The shares of listed companies are typically divided into state, legal-person

and public shares.3 The first two categories of shares cannot be traded on the stock

exchanges, and their transfer requires special approval from the China Securities

Regulatory Commission (CSRC). Public shares are tradable shares issued to the

public and are normally held by small individual shareholders.

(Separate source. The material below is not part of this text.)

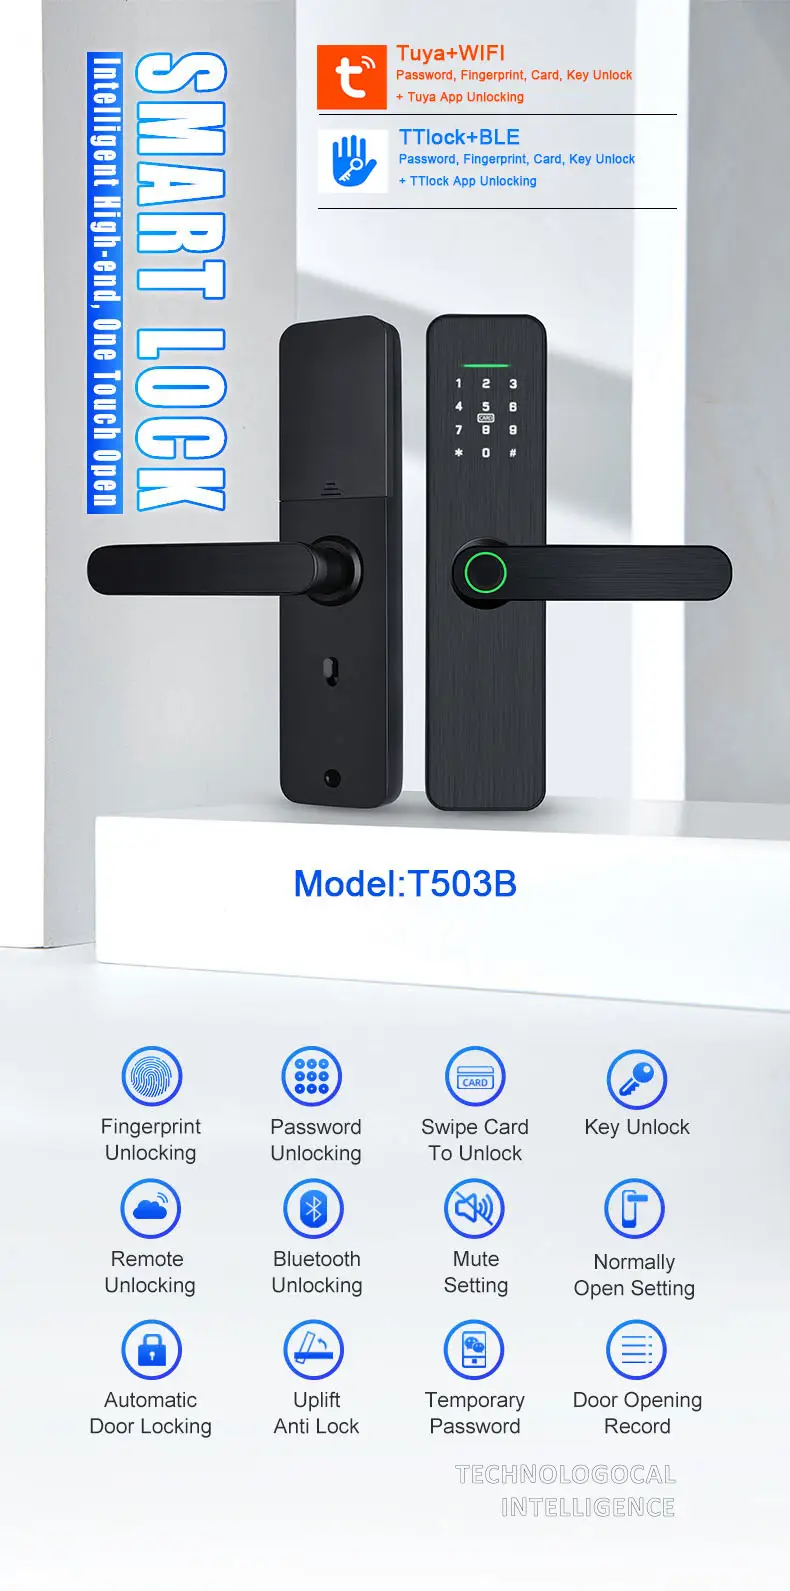 फ़िंगरप्रिंट बिना चाबी चोरी-रोधी अलार्म टच आईडी डिजिटल पैनल स्मार्टलॉक रूम दरवाज़े का हैंडल चाबी लॉक के साथ

The distinction between state and legal person shareholders is often times

superficial. State shares are held by government bodies such as state asset

management agencies, or institutions authorized to hold shares on behalf of the state

such as a wholly state-owned investment company. Legal person shares are shares

held by any entity or institution with a legal person status, including an SOE or a

company controlled by an SOE. We do not have precise information about the

identity of legal person shareholders, but it is safe to say that state ownership, directly

or indirectly, accounts for a significant portion of all the legal person shares. Some

authors, however, suggest that the distinction between state ownership and legal-

person ownership can be consequential (Tian, 2000; Berkman, Cole and Fu, 2002;

Sun and Tong, 2003). We thus will let the empirics tell us whether legal-person

ownership entails consequences different from state ownership.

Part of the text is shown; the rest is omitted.